The matrices used in the discussion are not complex and are similar to those that would be encountered in real-life scenarios, although they may be larger in size (02:09:29).
Carla O asked for clarification on the dimensions of the matrix X, and it was confirmed that X should be transposed to a 3 by 1 column (02:10:16).
Jay Verkuilen frequently writes matrices in their transposed form to make the page easier to read and to conserve space (02:10:27).
This is a common practice, but it is essential to remember to transpose the matrix back when working with it (02:11:03).
Jay Verkuilen does not expect students to transpose the matrices themselves, as it is primarily done for readability (02:11:12).
The discussion moved on to multiplying matrices and understanding the results, with a focus on using different Prasanta Chandra Mahalanobis and Euclidean distances (02:11:41).
Jay Verkuilen provided a dataset on Parkinson’s and asked students to use different cases to calculate Mahalanobis and Euclidean distances (02:11:53).
Fabio Setti asked if it is possible for Mahalanobis and Euclidean distances to be the same, and Jay Verkuilen confirmed that it is possible if the variables have the same variances and no correlations (02:12:23).

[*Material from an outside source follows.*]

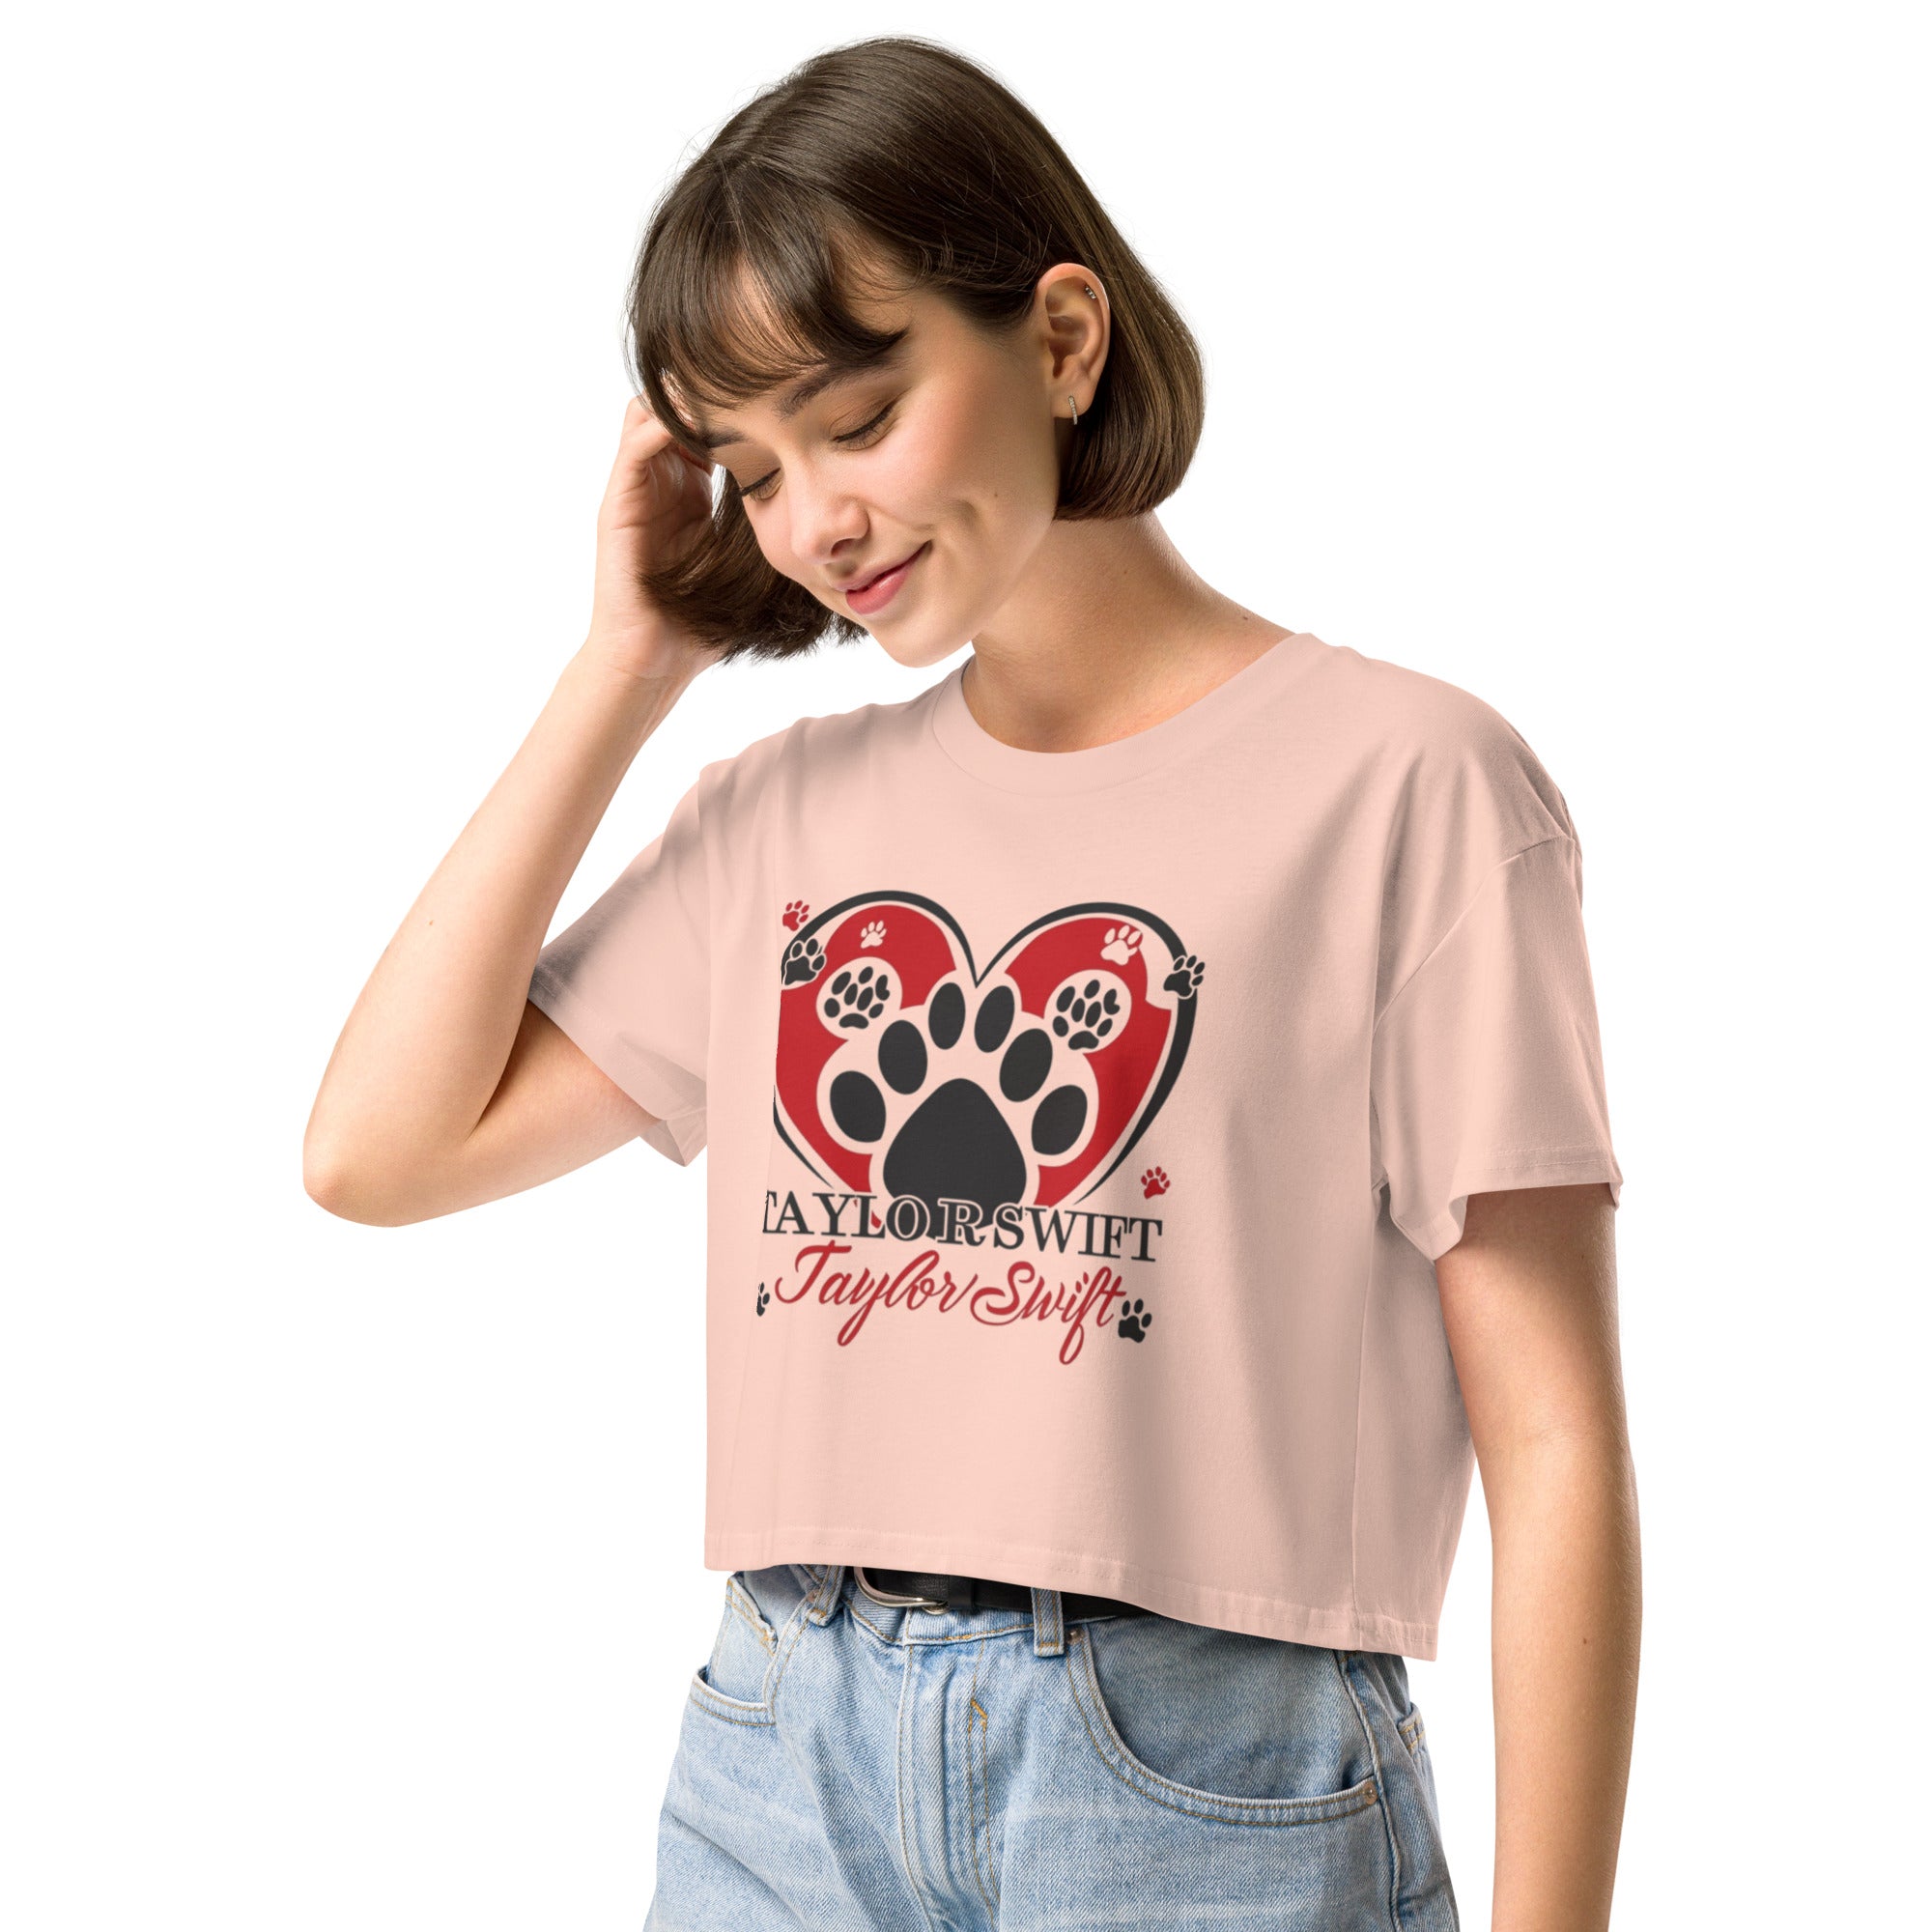 Women’s crop top. A Purr-fect Blend of Pet Love and Taylor Admiration!

Jay Verkuilen emphasized the importance of understanding the data before performing any advanced analysis and encouraged students to use the R function to run descriptive analysis (02:13:03).

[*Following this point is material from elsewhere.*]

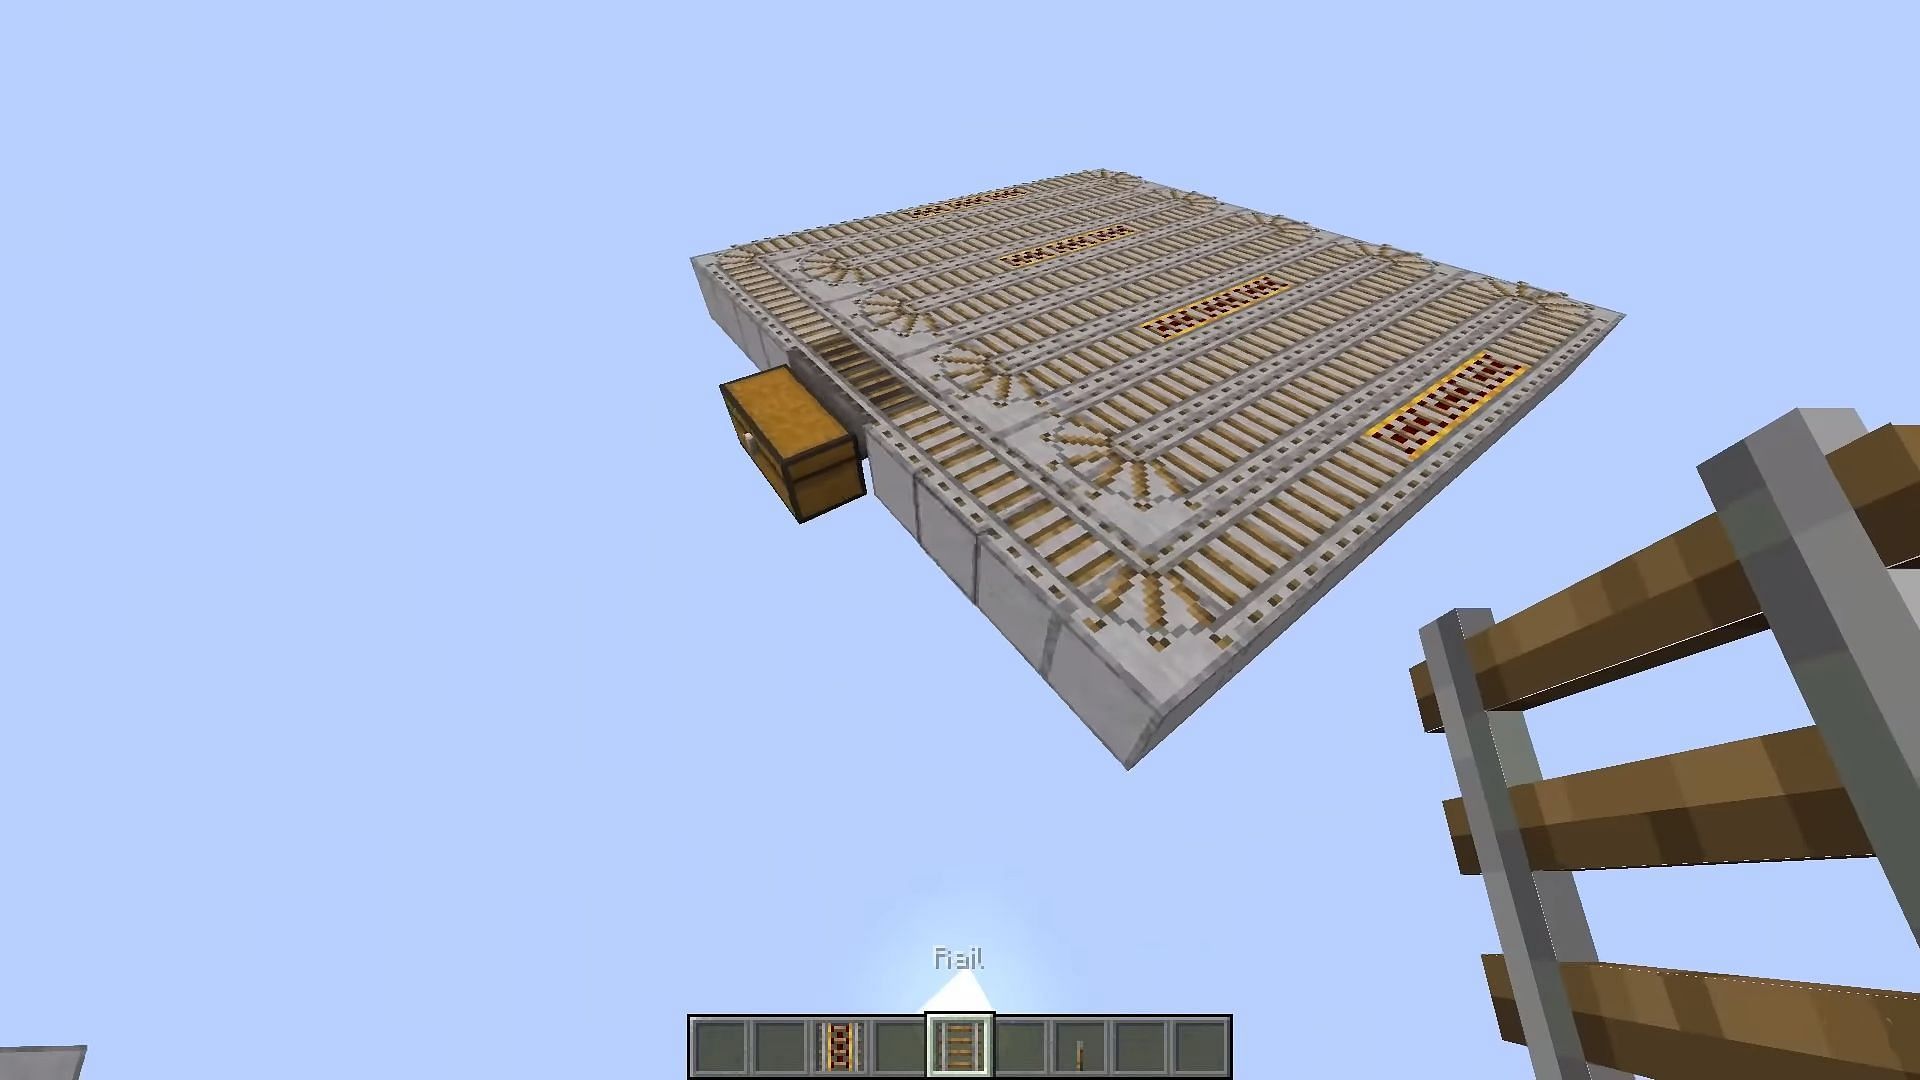 Sniffer farm collection zone with two hoppers, chests, and rails on which minecart with hoppers travel in Minecraft (Image via YouTube/wattles)

The due date for a course post can be changed to a week later if needed, and students can ask questions online if they require clarification (02:13:36).
For a specific problem, students are not expected to do calculations by hand, and they can use R for the computations (02:13:52).
When computing Prasanta Chandra Mahalanobis distances, students should use the covariance matrix of group N, not the full data set (02:14:49).
The Mahalanobis distance function should be computed relative to the mean vector of group N, and this applies to all comparisons (02:14:57).
The question was updated from last year, and there may be occasional bugs or errors, but the instructor will fix them and upload the corrected version (02:15:03).
For all comparisons, students should compare from group N, except in one case where they need to look at how things differ from each other (02:15:54).
The instructor will put a comment on the post to clarify that all Mahalanobis distances should be computed relative to group N (02:16:26).
Office hours for the next week are available, but the instructor may be unavailable on Thursday and Friday, so students should get in touch earlier to schedule a meeting (02:16:41).
Monday or Wednesday are generally better days for office hours, while Tuesday is not ideal due to the instructor’s doctor’s appointments (02:17:12).
Jay Verkuilen is available to meet on either Monday or Wednesday, and prefers if the group can come together (02:17:42).
For calculations, if a mean vector is needed, it comes from group n, and if a covariance matrix is needed, it also comes from group n (02:17:55).
Jay Verkuilen will close the session and post the content when it’s done (02:18:07).
The session ends with thank you messages from Carla O, Fabio Setti, and Jay Verkuilen (02:18:14).